Credeva di essersi lasciato alle spalle per sempre i giorni dell'arena, della folla urlante, dei gladiatori costretti a combattere come animali da spettacolo. Credeva di aver saldato il conto con il fato. Ma quando il suo mondo di pace viene distrutto e i suoi amici uccisi, comprende che alla violenza non si sfugge. Se un destino di sangue è ciò che gli dei vogliono per lui, sangue sarà, decide Valerio. E da quel giorno, gettata la bisaccia di medico, la spada diventa la sua compagna. Ma non è solo la voce della vendetta a guidarlo. E anche il richiamo di un simbolo, un oggetto che dona invincibiità a chi lo possiede: l'aquila della legione Augusta, scomparsa nella foresta di Teutoburgo nelle ore della disfatta e mai più ritrovata.
(sinossi tratta dal sito Unilibro).
In realtà questo romanzo è la seconda parte di una trilogia di cui manca ancora la sezione finale; il primo episodio, Il grande gladiatore, non ho avuto ancora modo di leggerlo e confesso di essere incappato in questo Notte del gladiatore per caso, acquistandolo come per scommessa.
Per me, che amo il periodo antico di Roma, che adoro le reminiscenze di una vita così lontana, ma ancora pulsante nel tessuto psichico europeo (soprattutto italiano, soprattutto romano) leggere queste pagine ha rappresentato un viaggio intenso, non solo per le ricostruzioni storiche che ho incontrato di pagina in pagina, sia di genti che di luoghi, ma soprattutto per le sensazioni di empatia col paganesimo che vi sono impresse. Spesso, nel libro, si fa riferimento alle antiche divinità con un piglio colloquiale che somiglia a quello che si usa, ancora oggi, col Cristianesimo; la differenza si sente, però, perché mentre nella religione cristiana tutto assurge a un livello di continuo miracolo, di ordini impartiti dal superiore all'essere inferiore, nel romanzo rivive lo spirito più genuino del rapporto uomini-dei, ovvero il conversare, la inarrestabile ricerca serena di simboli naturali che interpretano il volere delle divinità. Ciò è qualcosa che fa apparire tutto l'universo come un luogo fittamente legato, un concetto che col Cristianesimo si è inesorabilmente perso in dottrine complicate, in elucubrazioni politiche intrise di Neoplatonismo che nulla hanno a che spartire con lo spirito e le percezioni autentiche, quelle che fanno rabbrividire al centro di un bosco, negli spettacoli assoluti e imponenti della Natura, in un luogo infestato da presenze oscure.

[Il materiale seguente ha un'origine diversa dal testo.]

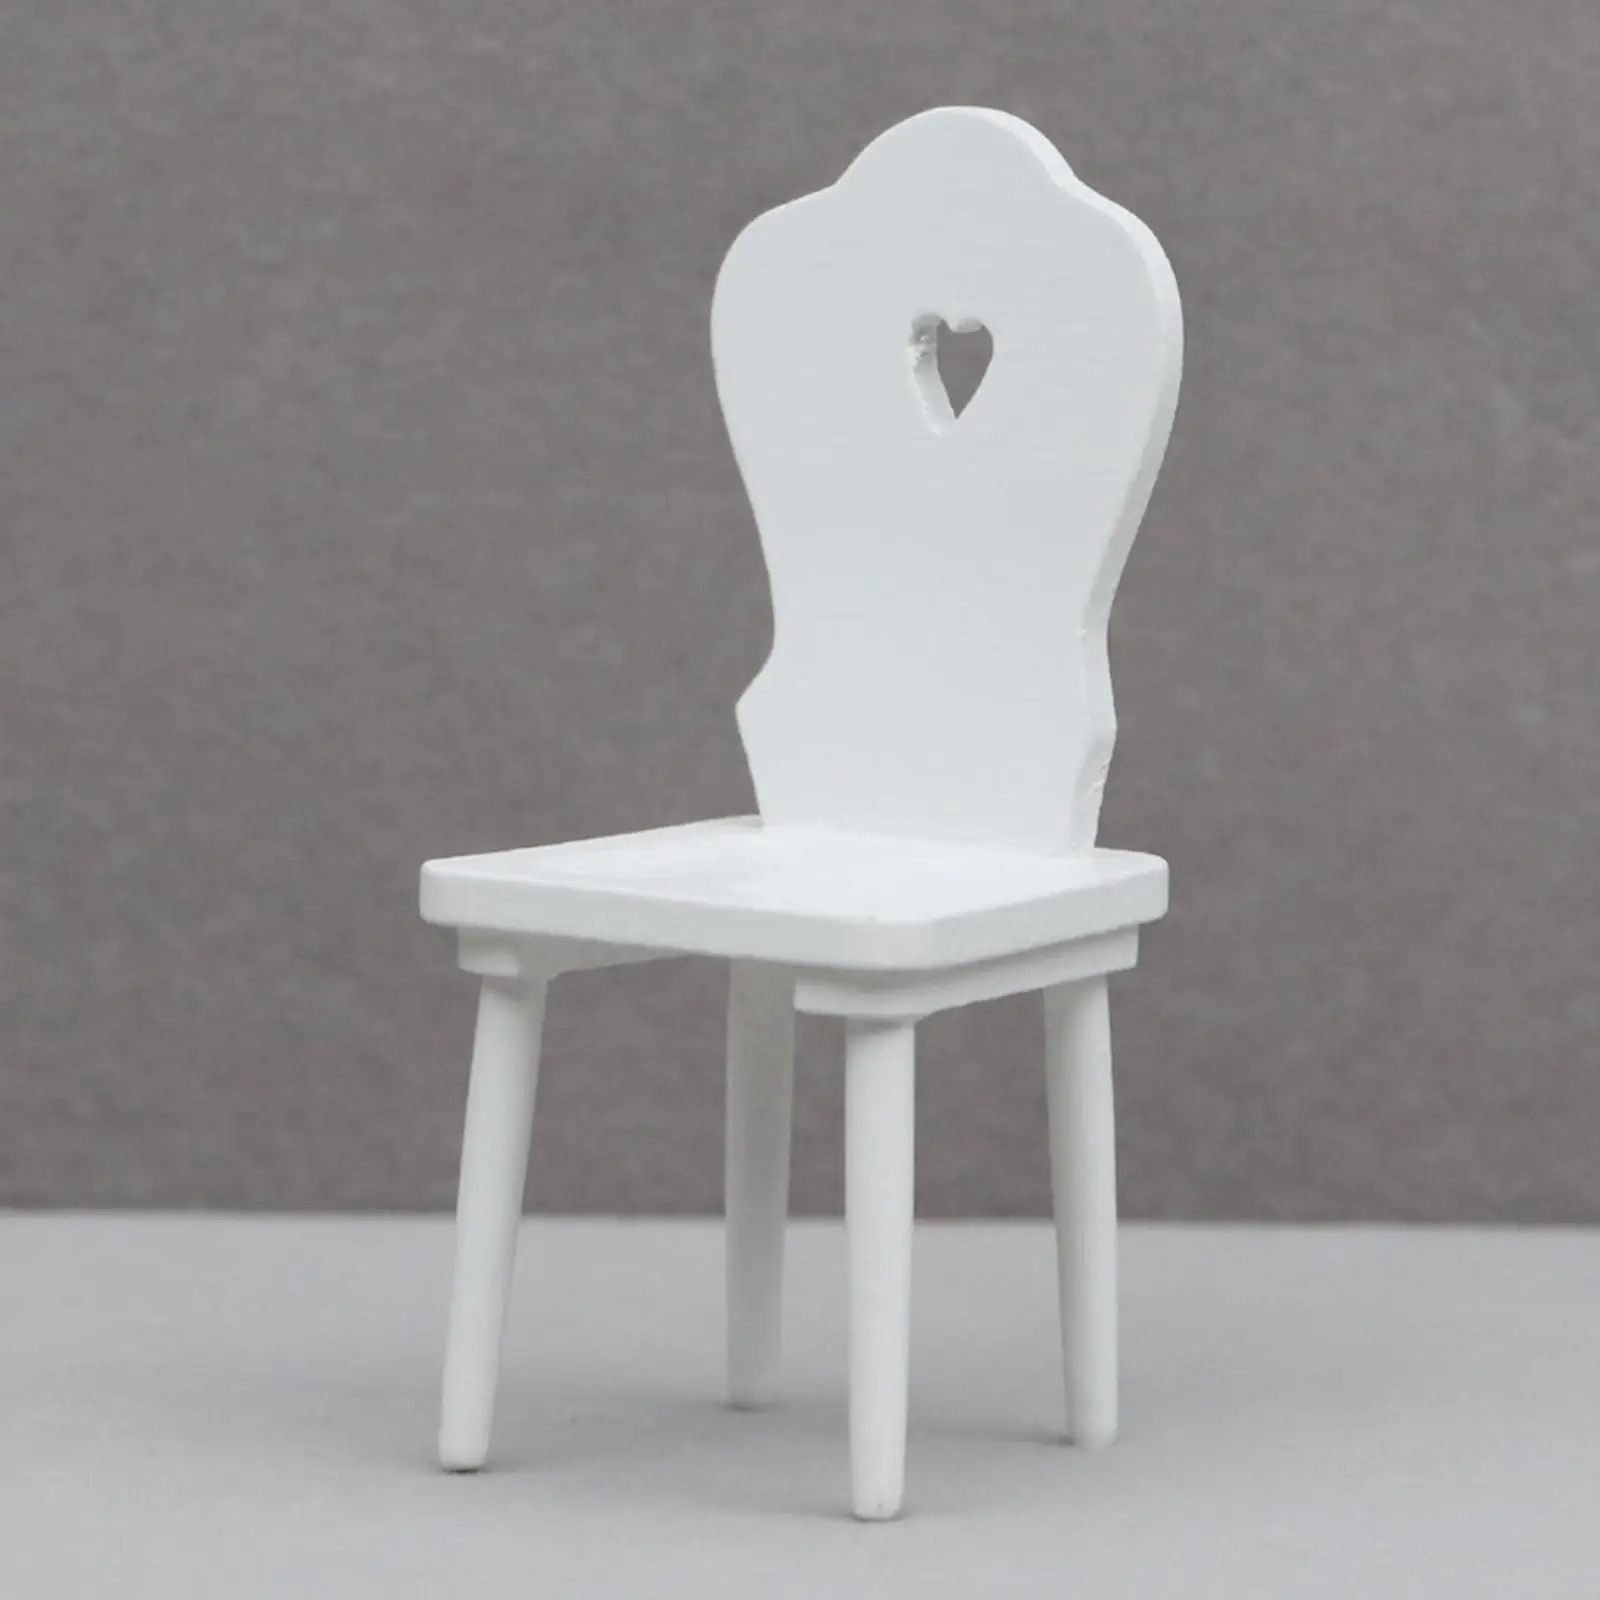 Dollhouse Mini Chair Miniature Dollhouse Dinning Chair 1:12 Dollhouse Miniature Chair for Bedroom Living Room Decor

Nel romanzo c'è tutto ciò, e allora è un formicolare di sensazioni, di percezioni, di sottili brividi che altro non fanno che riportare il lettore davvero al 70 d.C., quando Vespasiano regnava sull'impero vasto e potente, quasi all'apice del suo splendore; la trama lì è ambientata ed è secondaria, interessante ma secondaria, come capita a tutte le trame in cui le emozioni dei particolari prendono alla gola e soffocano il vasto disegno che sottende a tutta la storia. Ho sentito emozioni, durante la lettura, che provo sempre più raramente, ovvero la gioia di leggere e di divorare le pagine per sapere come procederà il romanzo, quali altre piccole gioie saprà rievocare nel mio animo, quali altri particolari riuscirà a far riemergere a chi, come me, ha ricordi della vita vissuta in Roma imperiale.